Жизнь и прежде наносила ей удары исподтишка. Сразу после того, как она поступила в кулинарную школу, тяжело заболела мать, и Анжелине пришлось отказаться от своих планов. Три года она ухаживала за Эммалин, пока в конце концов та не ушла – тихо, мирно, во сне. В следующие полгода у ее отца, Ральфа, начала развиваться тяжелейшая деменция, а два годя спустя инсульт унес и его. Она никогда не жалела о времени, отданном уходу за стариками, – она любила родителей, с нежностью хранила воспоминания о них, и здоровых, и уже больных. Но к тому моменту, когда оба умерли, сама она растеряла все свои амбиции и мечты. А потом встретила Фрэнка, и радостей совместной жизни с ним было более чем достаточно для счастья.
На церемонии Грегори Ди Грегорио, директор похоронной конторы, почтительно приблизился к Анжелине. Не за горами был его девяностый день рождения, но старик встречал его с прямой спиной, ясными глазами, аккуратно подстриженной пышной шевелюрой, уложенной по моде его молодости. Его сыновья, неизменно учтивые и обходительные, усадили Анжелину со свекровью в небольшом алькове, рядом с молодым приходским священником. Мистер Ди Грегорио хранил в памяти истории длинной череды семейств, прошедших через врата его заведения.
– Миссис Д'Анжело, позволите присесть к вам на минутку?
Обернувшись, Анжелина чуть плотнее натянула черную шаль, покрывавшую плечи.
– Разумеется, мистер Ди Грегорио. И благодарю вас. Все выглядит замечательно.
– Спасибо на добром слове. Я очень сочувствую вам. Ваш муж был прекрасным человеком, я хорошо знаком с его семьей. Нам всем будет его не хватать.
Анжелина уже не в первый и не в последний раз заметила, что никто из обращавшихся к ней не называет Фрэнка по имени. Словно люди инстинктивно чувствуют, как больно ей это слышать.
– Я потерял свою жену, Флоренс, еще в молодости, – продолжал он. – И сорок лет живу один. Никогда больше не женился. Когда начинаю тосковать по ней, я читаю молитву, и сразу становится легче. Не могу сказать наверняка, что она меня слышит, но что-то в этом все же есть. Те, кого мы любим, навсегда остаются в наших сердцах, но жизнь продолжается. Да, жизнь продолжается. Если вам что-нибудь понадобится, миссис Д'Анжело, пожалуйста, дайте знать мне или моим мальчикам, хорошо?

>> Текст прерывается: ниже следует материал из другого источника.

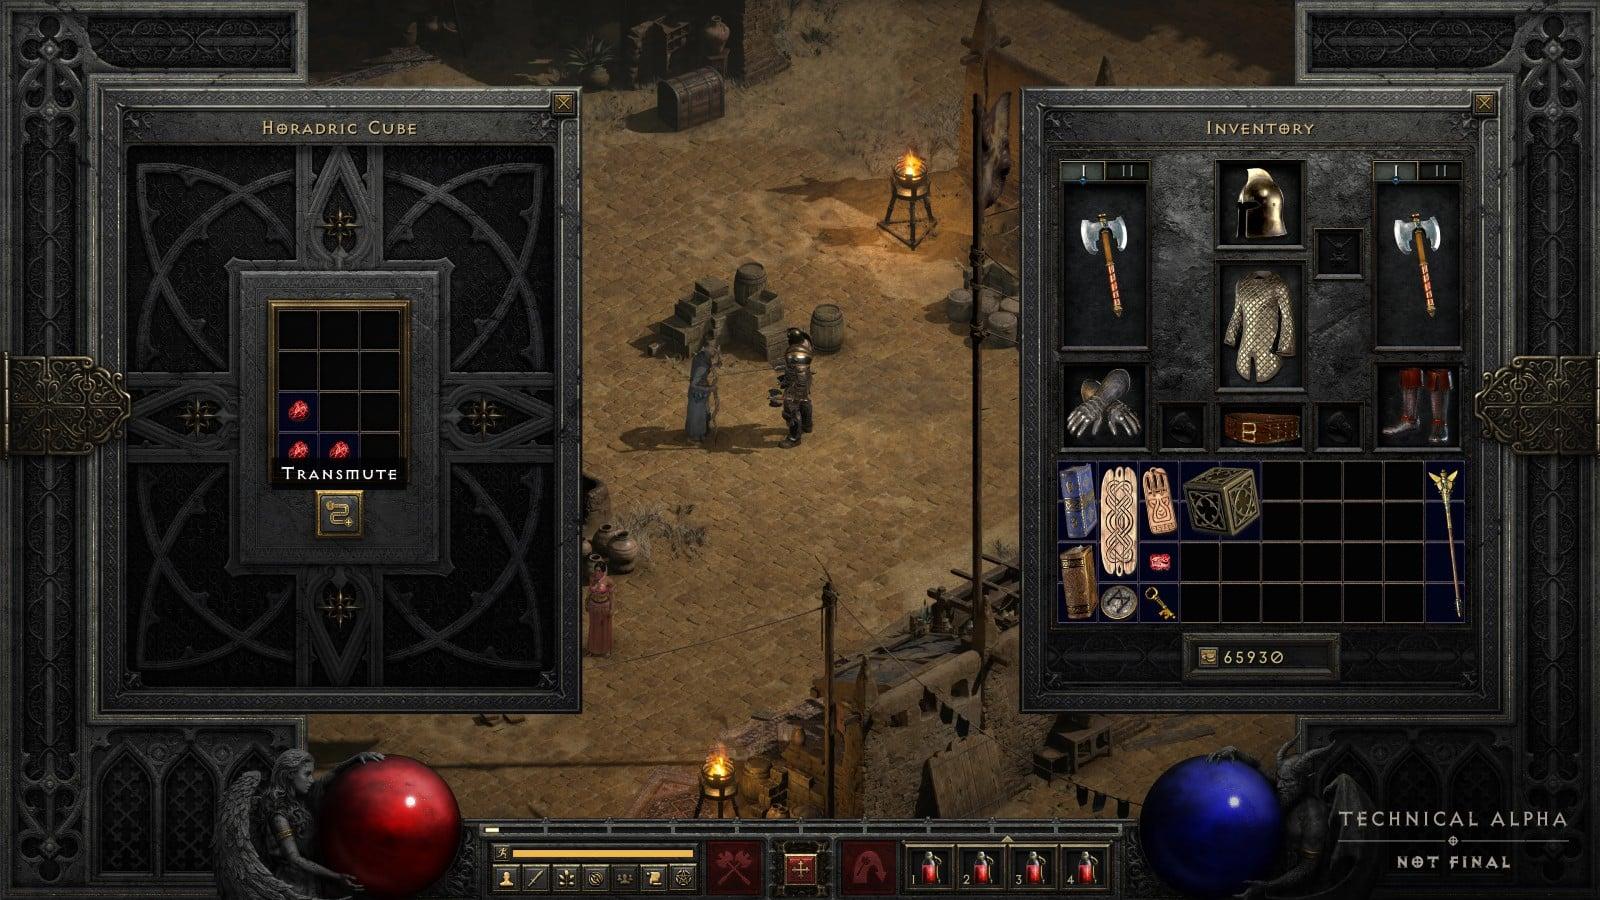 An image of the Horadric Cube in Diablo 2 Resurrected

– Да, непременно. Спасибо вам.
Анжелина и вправду была признательна мистеру Ди Грегорио. Рассказом о своей жене и жизни после ее смерти он отвлек ее от происходящего, чего наверняка и добивался.
Мистер Ди Грегорио кивнул на прощанье и вернулся на свой пост у дверей. Ей захотелось окликнуть его и сказать, что да, ей действительно кое-что нужно. Не мог бы он или, может, его сыновья отправить ее назад во времени, примерно на неделю? Она бы уговорила Фрэнка сходить к врачу и обязательно спустилась вместе с ним в кухню той ночью и успела вовремя позвонить в «скорую помощь», сумела бы изменить хоть что-то.
Анжелине казалось, будто она покидает собственное тело, как описывают люди, пережившие клиническую смерть. Она, правда, пока жива, но если они с Фрэнком были истинными супругами, то есть по сути одним целым, тогда она, вероятно, ощущает сейчас, что такое смерть, испытывает в эту секунду его чувства. И если все так, то смерть – это холод, тьма и одиночество.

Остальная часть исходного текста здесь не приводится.